### Given data

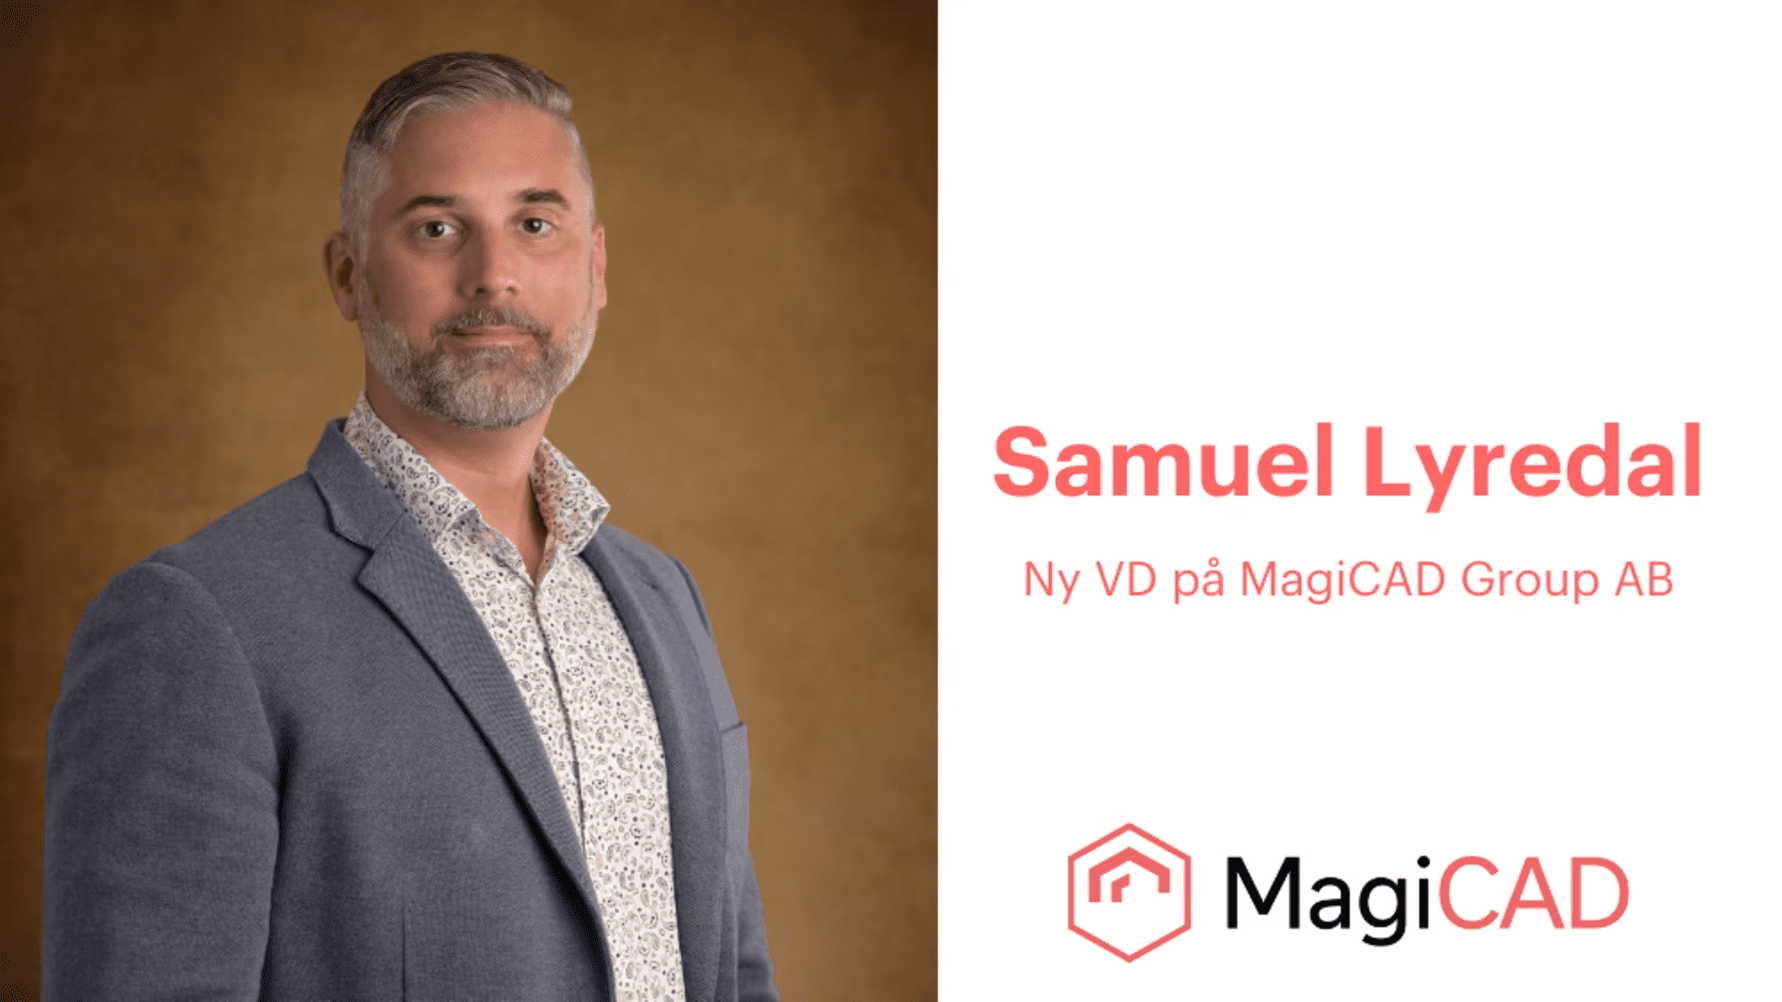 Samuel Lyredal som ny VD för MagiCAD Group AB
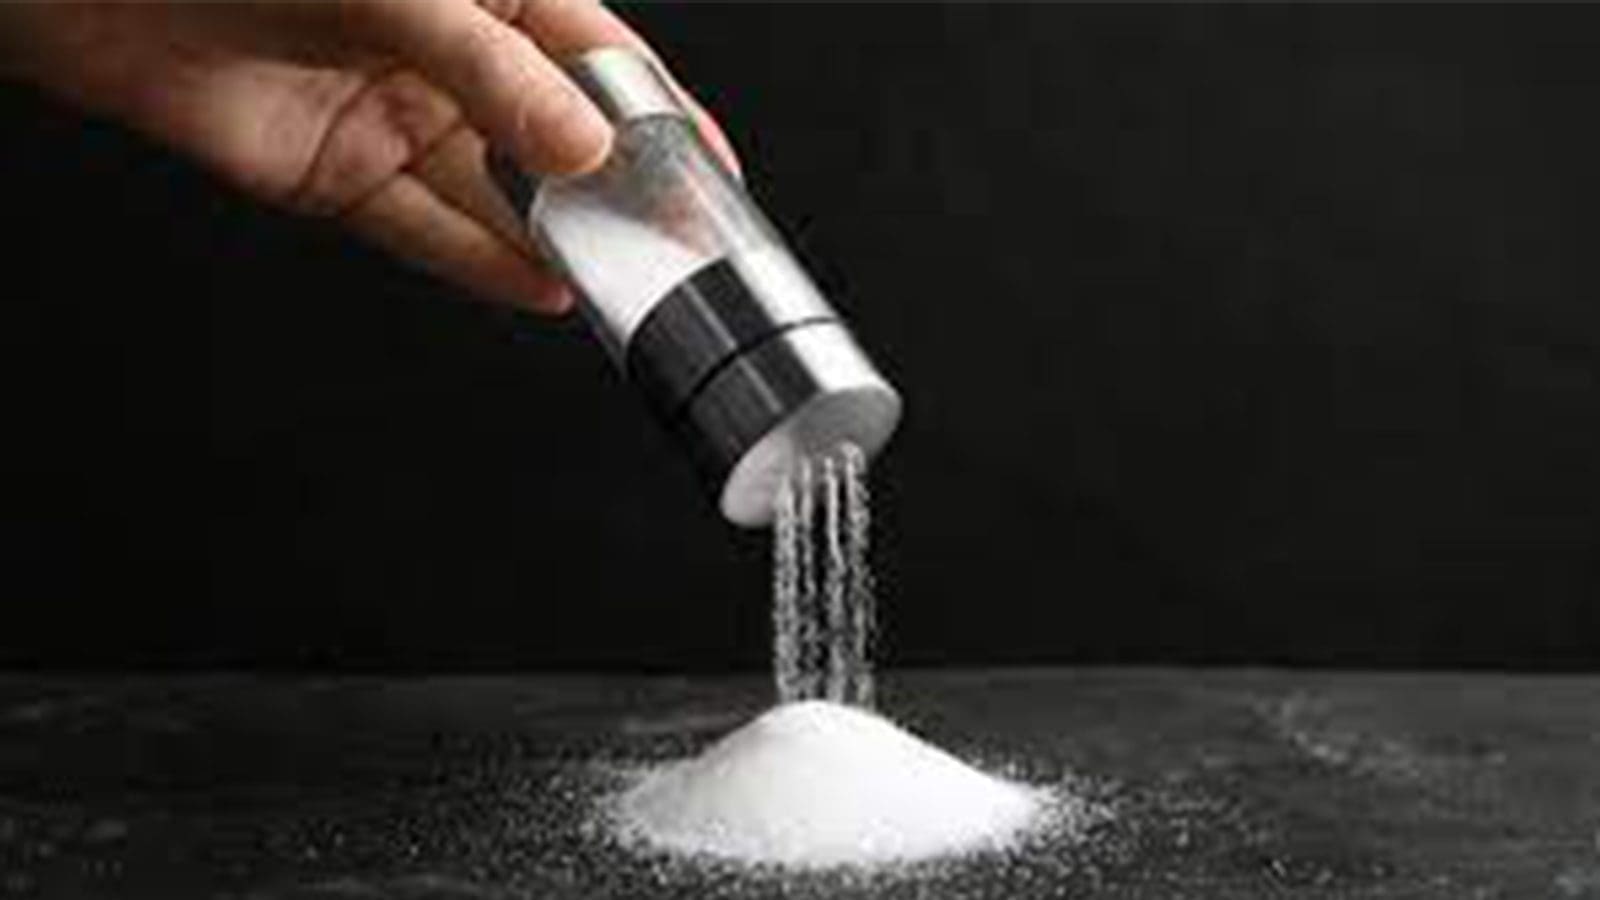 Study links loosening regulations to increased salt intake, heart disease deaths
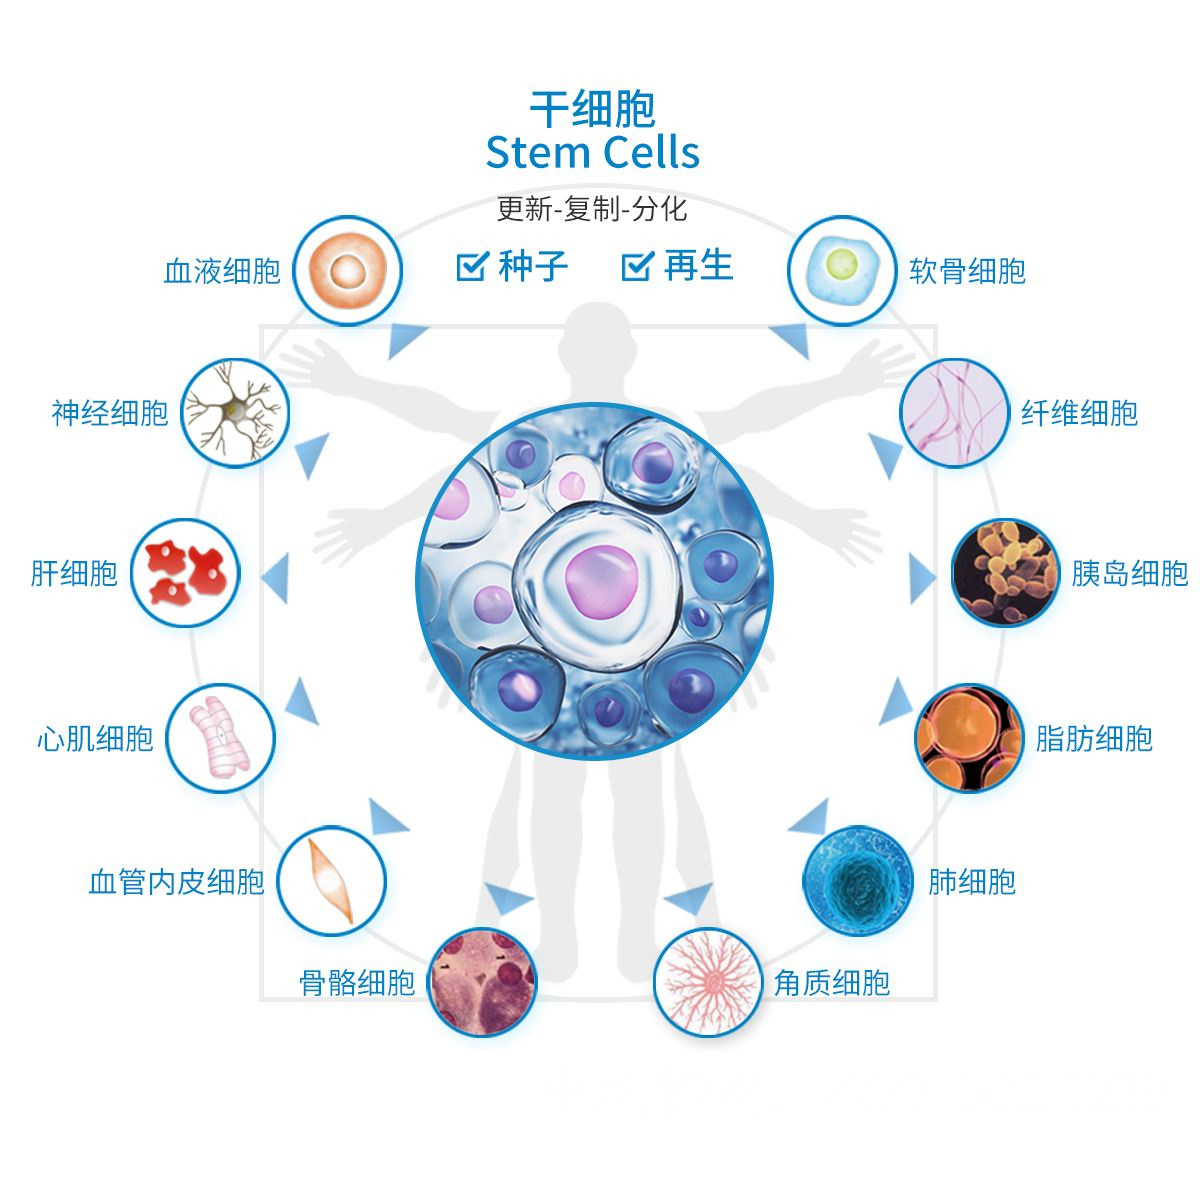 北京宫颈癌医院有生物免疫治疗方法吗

### Task objective
Set out the material once more, exact in every line, with no images.

### Answer for this exercise
 Samuel Lyredal som ny VD för MagiCAD Group AB
 Study links loosening regulations to increased salt intake, heart disease deaths
 北京宫颈癌医院有生物免疫治疗方法吗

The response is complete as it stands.